[PATCH 06/17] block: introduce GENHD_FL_HIDDEN

Mike Snitzer snitzer at redhat.com
Sat Oct 28 07:17:45 PDT 2017


On Sat, Oct 28 2017 at  2:38am -0400,
Christoph Hellwig <hch at lst.de> wrote:

> On Tue, Oct 24, 2017 at 05:40:00PM -0400, Mike Snitzer wrote:
> > Having the NVme driver go to such lengths to hide its resources from
> > upper layers is certainly the work of an evil genius experiencing some
> > serious territorial issues.  Not sugar-coating it.. you wouldn't.
> 
> I'm pretty surre Hannes will appreciate being called an evil genius :)

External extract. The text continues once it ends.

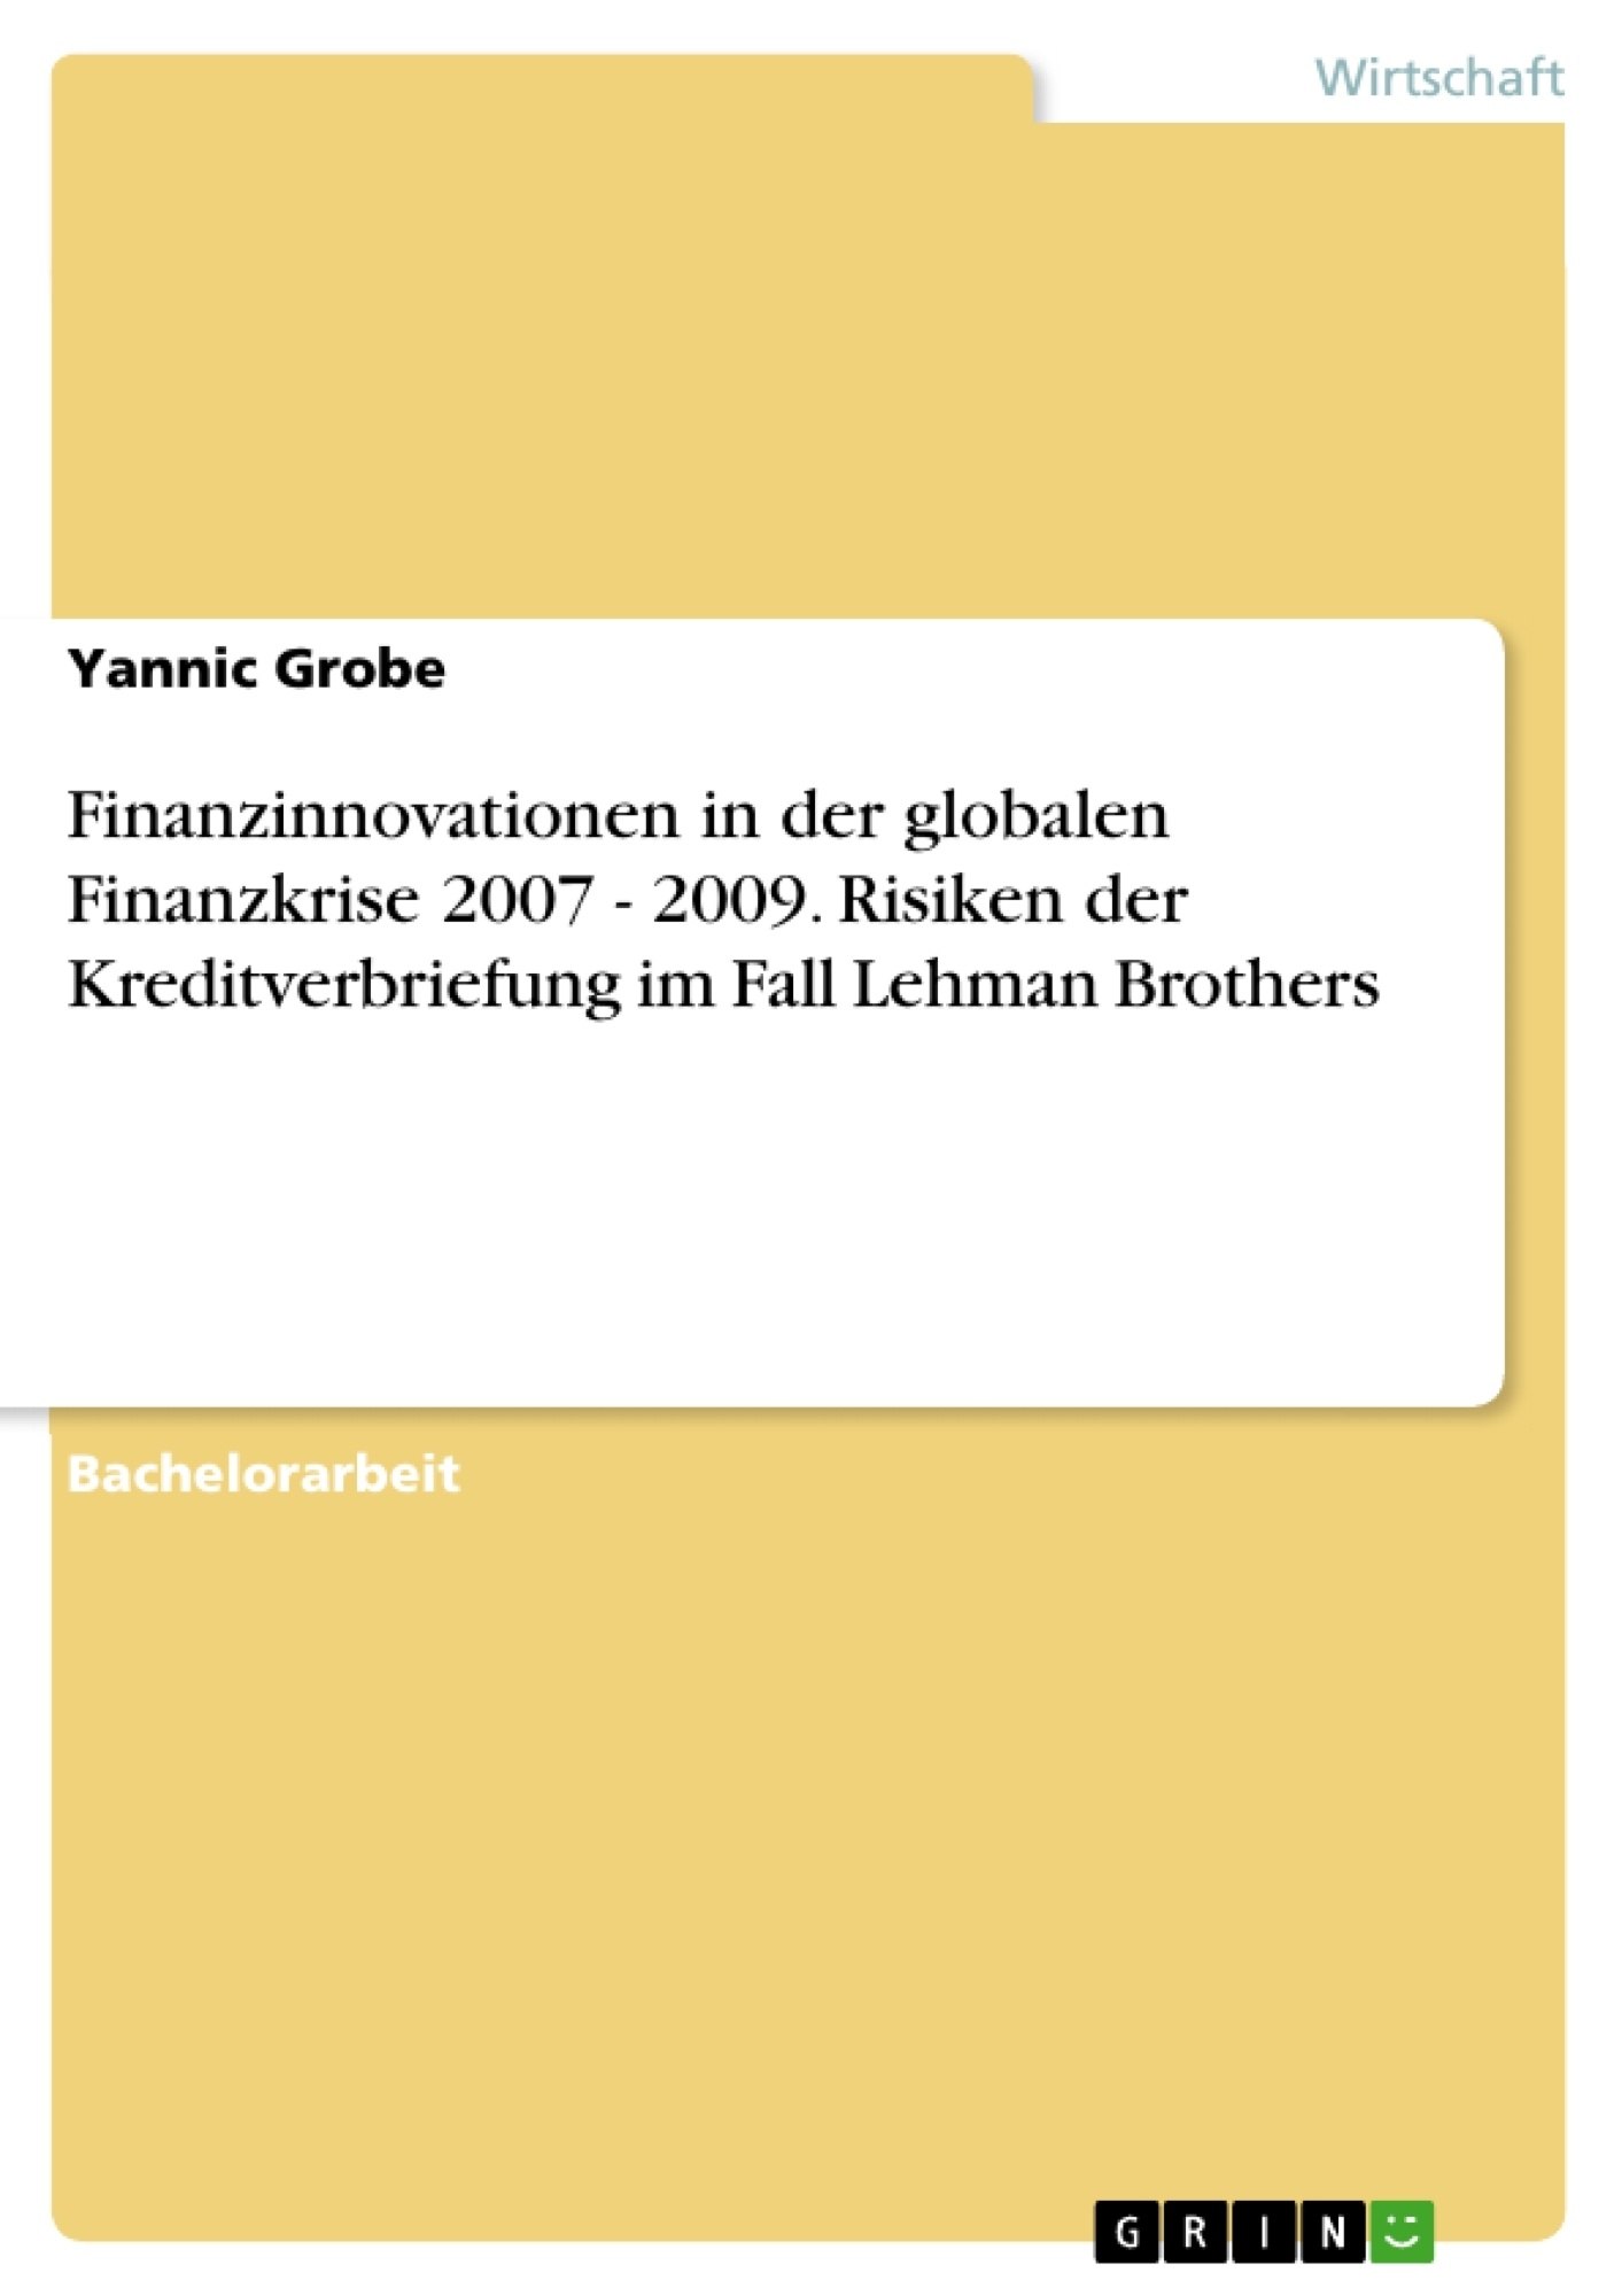 Titel: Finanzinnovationen in der globalen Finanzkrise 2007 - 2009. Risiken der Kreditverbriefung im Fall Lehman Brothers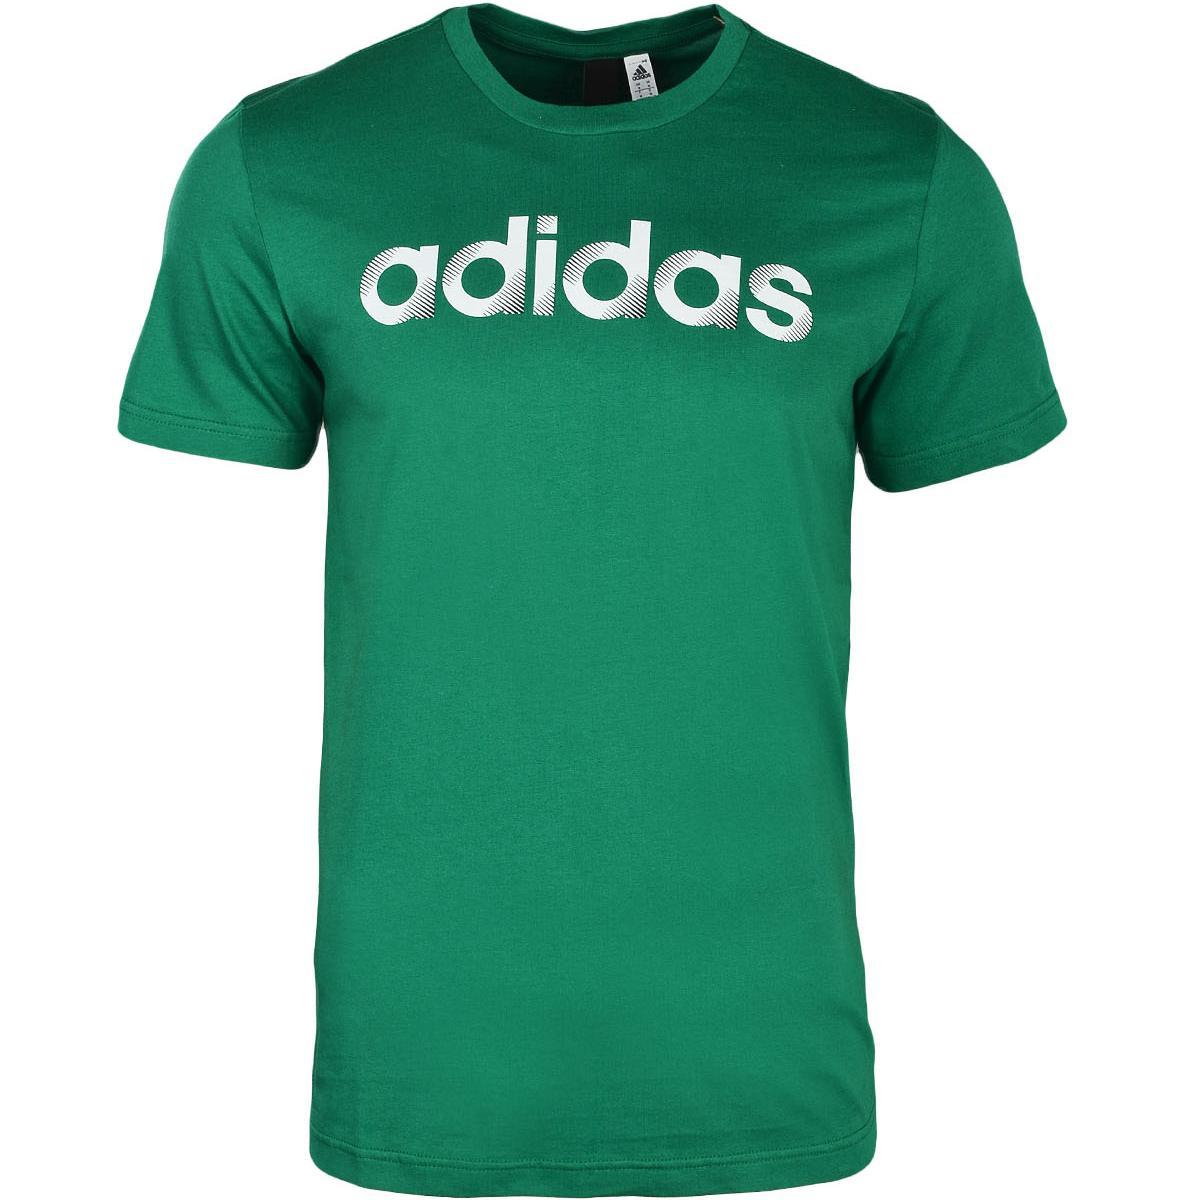 f652eb26d T-shirt ADIDAS Koszulka Męska (CV4512) XL - 7378678335 - oficjalne ...

Well, to be fair.. it doesn't take that much brain power to arrive at
isolationism.

And pretty sure Hannes had a better idea with using the blkdev_get
(holders/claim) interface but you quickly dismissed that.  Despite it
being the best _existing_ way to ensure mutual exclusion with the rest
of the block layer.

> > I kept meaning to reply to your earlier iterations on this series to
> > ask: can we please get a CONFIG_NVME_MULTIPATHING knob to make it so
> > that the NVMe driver doesn't implicitly consume (and hide) all
> > per-controler devices?
> 
> I thought about adding it, but mostly for a different reason: it's
> quite a bit of code, and we now start to see NVMe in deeply embedded
> contexts, e.g. the latest Compact Flash spec is based on NVMe, so it
> might be a good idea to give people a chance to avoid the overhead.

OK, so please add it.

> > Ah well.  There is only one correct way to do NVMe multipathing after
> > all right?
> 
> I don't think you'll get very useful results, even if you try.  But I
> guess we'll just have to tell people to use SuSE if they want NVMe
> multipathing to work then :)

Don't do that.  Don't assume you know it all.  Don't fabricate vendor
wars in your head and then project it out to the rest of the community.
We're all in this together.

Fact is Hannes and I have exchanged private mail (in response to this
very thread) and we agree that your approach is currently not suitable
for enterprise deployment.  Hannes needs to also deal with the coming
duality of Linux multipathing and you aren't making it easy.  Just
because you're able to be myopic doesn't mean the rest of us with way
more direct customers behind us can be.

You're finding your way with this new multipath model and I'm happy to
see that happen.  But what I'm not happy about is the steps you're
taking to be actively disruptive.  There were so many ways this all
could've gone and sadly you've elected to stand up an architecture that
doesn't even allow the prospect of reuse.  And for what?  Because doing
so takes 10% more work?  Well we can backfill that work if you'll grant
us an open-mind.

I'm really not against you.  I just need very basic controls put into
the NVMe multipathing code that allows it to be disabled (yet reused).
Not that I have immediate plans to actually _use_ it.  My hope is I can
delegate NVMe multipathing to NVMe!  But I need the latitude to find my
way with the requirements I am, or will be, needing to consider.

Please don't paint me and others in my position into a corner.